In today’s world of electronic communication and banking, it’s always good to review cybersecurity reminders. Following are eight to keep in mind:

  1. Update Your Software. Whether you are on iOS, Windows or Android, you need to make sure you have updated your operating system to include all the latest “fixes.”  This will protect you from the most common attacks and keep your system prepared to defend itself without your human input.
  2. Two-Factor Identification. Any sensitive accounts, like banking, should force you to have two-factor identification already set up. This is the second set of credentials you need to change any password or even login.

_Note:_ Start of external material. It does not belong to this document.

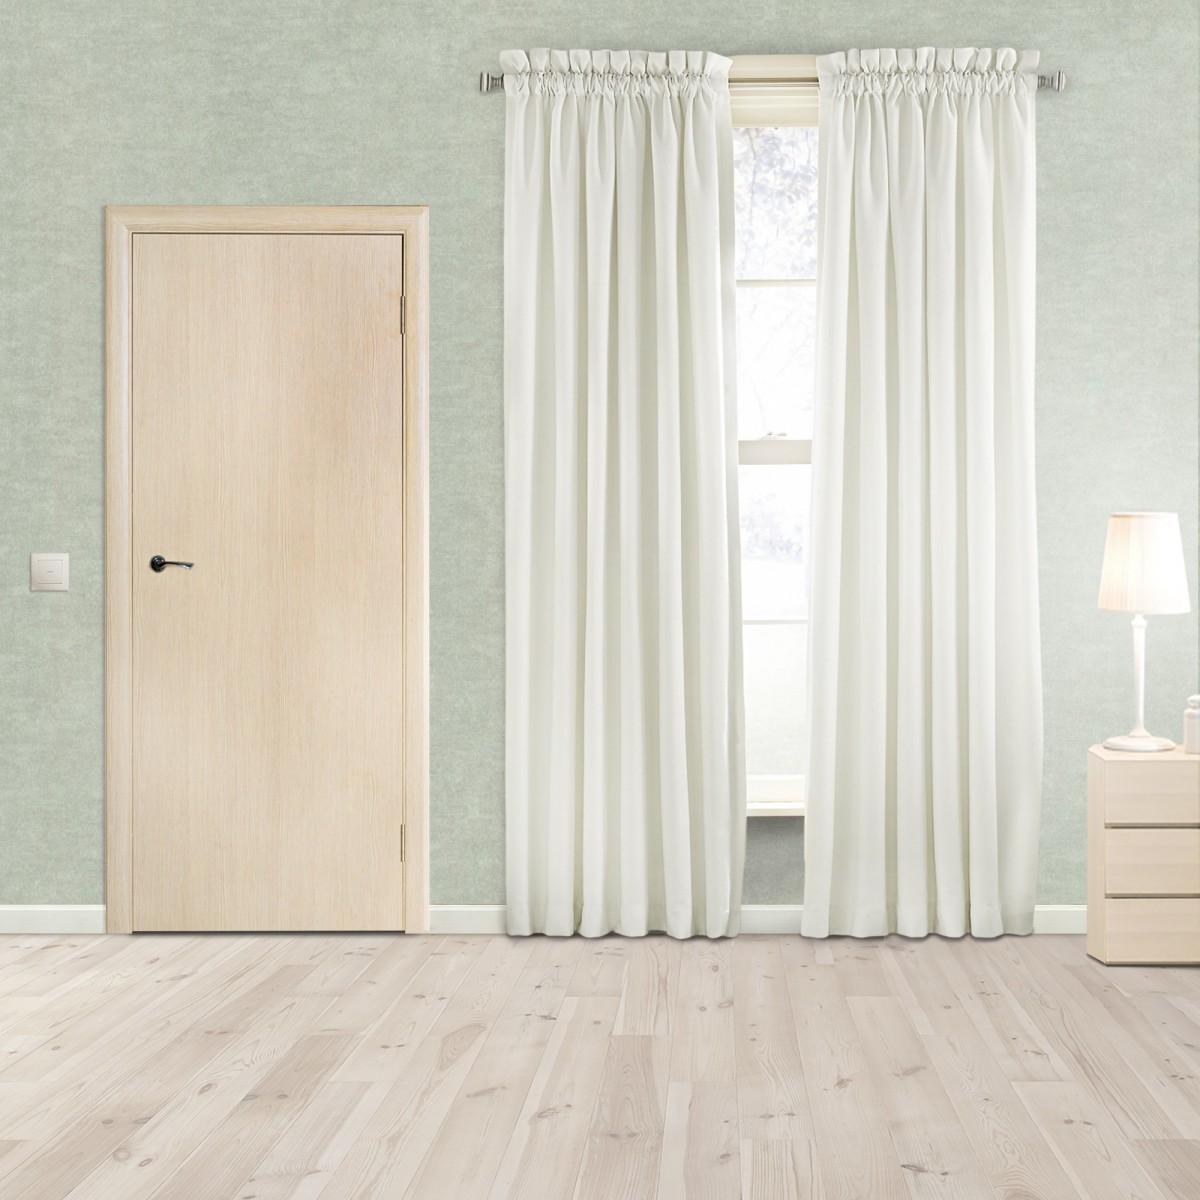 Дверь Межкомнатная Глухая Aura 55x200 Ламинация Цвет Ясень 3d

  3. Back Up Your Data.  This is not difficult in our world of cloud computing; you can have this set up to automatically back up in the background. Best practices are that your backup is not stored at your work site. Pay for cloud service with secure storage facilities. They will even have a backup of your backup.
  4. No Public Wi-Fi.  While you think that a coffee shop’s free Wi-Fi is secure, or a random computer is willing to share internet access, don’t do it. 
  5. Limit What You Share on Social Media. I know, we’re proud of our accomplishments. But there are entire businesses that scrape your public information and use it. We recently had to get rid of our “About” page on our business site, as criminals were scraping that information and trying to set up accounts in our business name by posing as customers and potential customers.
  6. No Online Use of Debit Cards. While your debit card holding bank will tell you they are secure and will refund any fraud, read the customer agreement. Debit cards work too fast and immediately take money from your checking account; the dispute process is not resolved quickly. Credit cards are intentionally slow; disputes will put the burden on the merchant to prove payment legitimacy, and you have the benefit of keeping your money until resolution.
  7. Suspicious Emails Are the Worst.  This could be its own subject as there are so many ways criminals are trying to get to us. Never download an attachment unless you are sure of the sender. Let’s review the most common scams:
    • Spoofing a Forged Email Address. It often looks like it’s from yourself, or a bank or any legitimate company. Upon review of the actual email address, it does not match its label. This will often get around your spam filter.
    • Phishing is Likely Combined on Top of Spoofing. Often it will look like a bank email but then “fish” for your information. It will ask you to use their link in the email to log-in to their website. Phishing emails can be “baited” as well. For example, fraud detected on your bank account, log-in here. Or a positive bait: confirm your reward, enter your information here. Don’t take the bait!
    • Smishing is the Same Thing as Above but Comes in a Text Message. This is phishing combined into a SMS text message, so the internet has crowned it Smishing. It works the same way. Set the bait (you’ve won something) and click here. Then the sender tries to reel you in.
  8. Scan With an Anti-Virus Application. You may have caught a tracker or virus by accident.  If things aren’t behaving normally on your system, you can check it out. There is one big rule when it comes to anti-virus applications; you seek it out on your own.  There are many good apps that can help, but they never come to you;  you must go to their legitimate website and download.  Even if you’ve used their services before, never use an email link, ad or pop-up for anti-virus. See phishing above.

While these tips cannot protect you from all online threats, they are a great start. When in doubt, do your homework and due diligence. If you have any doubts about that email, just delete it. Happy computing.